Applications of a Surface Runoff Model with Horton and Dunne Runoff for VIC

作     者：谢正辉 苏凤阁 曾庆存 郭裕福 梁旭 郝振纯 

作者机构：Institute of Atmospheric Physics Chinese Academy of Sciences Department of Civil and Environmental Engineering University of California Hohai University 

出 版 物：《Advances in Atmospheric Sciences》 (大气科学进展（英文版）)

年 卷 期：2003年第20卷第2期

页      面：165-172页

核心收录：

学科分类：08[工学] 081501[工学-水文学及水资源] 0815[工学-水利工程] 

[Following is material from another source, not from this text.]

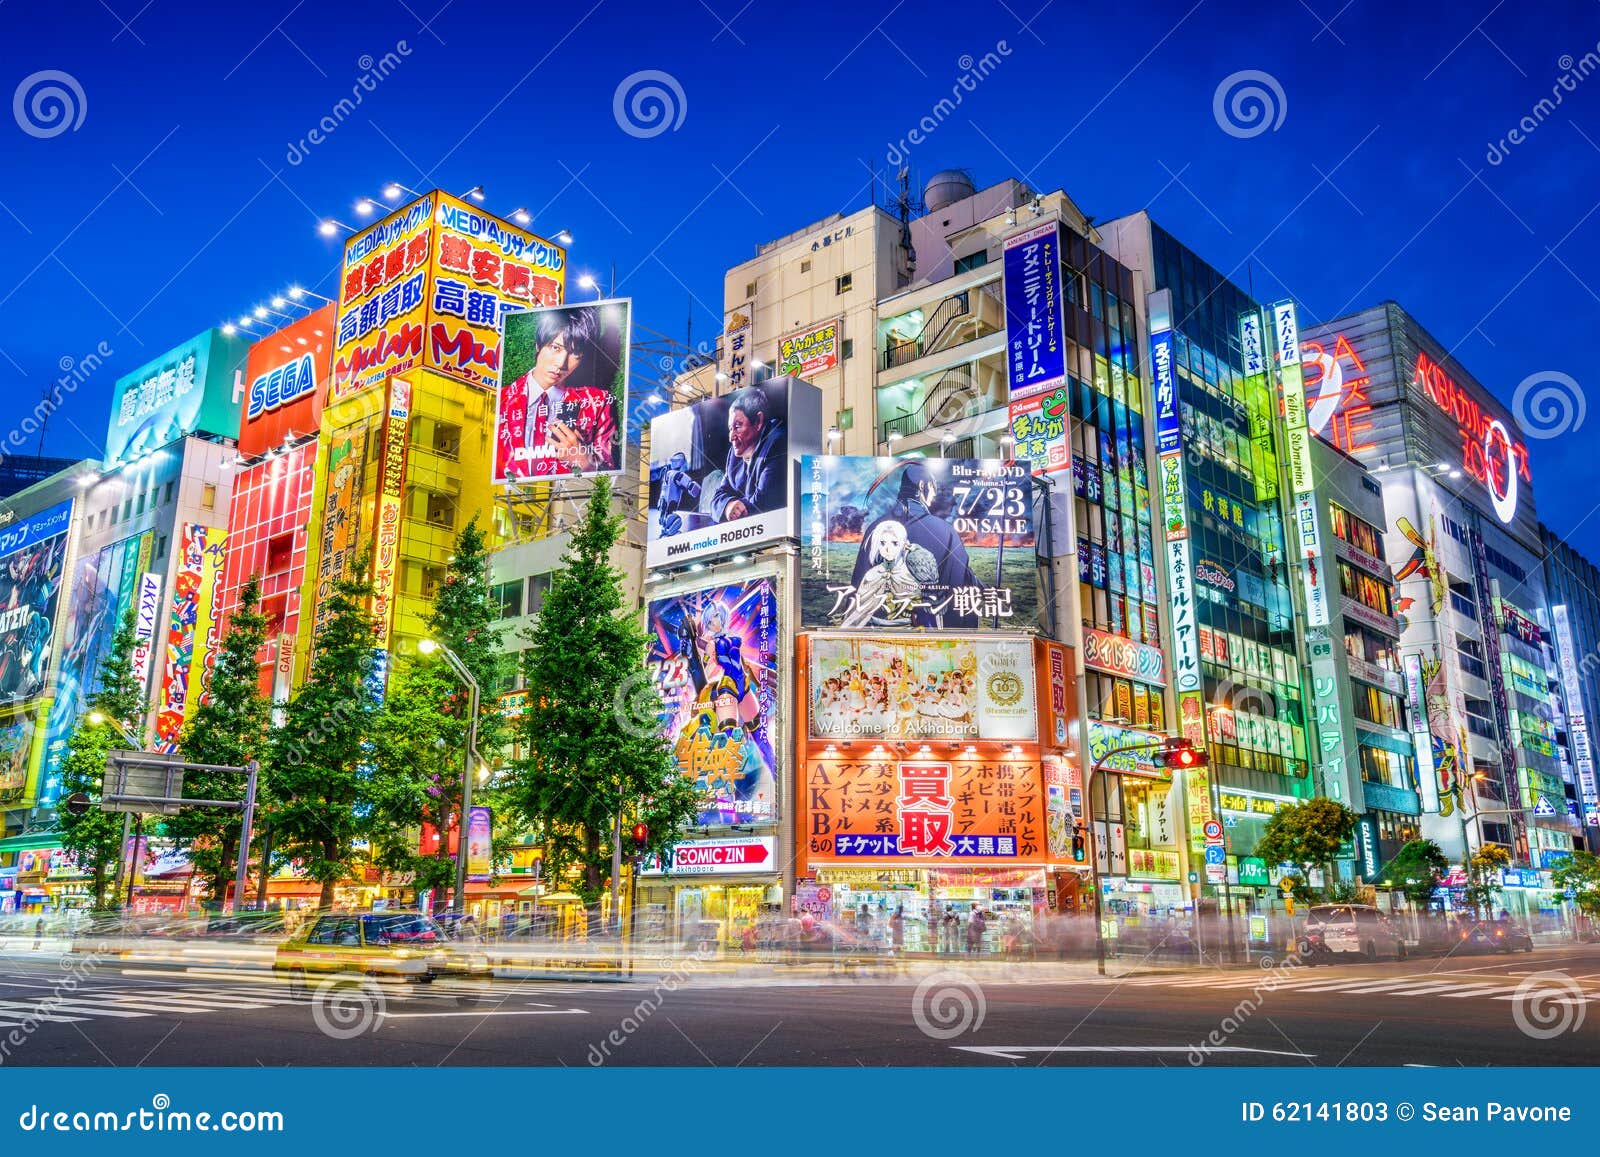 Free Images : train, decoration, japan, tokyo, anime, manga, mangaka  4608x3456 - - 558518 - Free stock photos - PxHere

基　　金：The research reported herein was jointly supported by the National Natural Science Foundation of China under Grant Nos. 40145020  40275023  49794030  the National Key Program for Developing Basic Sciences under Grant Nos. G1998040905 and 2001CB309404  

主　　题：Horton runoff Dunne runoff subgrid-scale spatial variability soil heterogeneity land surface model hydrologic model soil moisture 

摘      要：Surface runoff is mainly generated by two mechanisms, infiltration excess (Horton) runoff and saturation excess (Dunne) runoff; and the spatial variability of soil properties, antecedent soil moisture, topography, and rainfall will result in different surface runoff generation mechanisms. For a large area (e.g., a model grid size of a regional climate model or a general circulation model), these runoff generation mechanisms are commonly present at different portions of a grid cell simultaneously. Missing one of the two major runoff generation mechanisms and failing to consider spatial soil variability can result in significant under/over estimation of surface runoff which can directly introduce large errors in soil moisture states over each model grid cell. Therefore, proper modeling of surface runoff is essential to a reasonable representation of feedbacks in a land-atmosphere system. This paper presents a new surface runoff parameterization with the Philip infiltration formulation that dynamically represents both the Horton and Dunne runoff generation mechanisms within a model grid cell. The parameterization takes into account the effects of soil heterogeneity on Horton and Dunne runoff. The new parameterization is implemented into the current version of the hydrologically based Variable Infiltration Capacity (VIC) land surface model and tested over one watershed in Pennsylvania, USA and over the Shiguanhe Basin in the Huaihe Watershed in China. Results show that the new parameterization plays a very important role in partitioning the water budget between surface runoff and soil moisture in the atmosphere-land coupling system, and has potential applications on large hydrological simulations and land-atmospheric interactions. It is further found that the Horton runoff mechanism should be considered within the context of subgrid-scale spatial variability of soil properties and precipitation.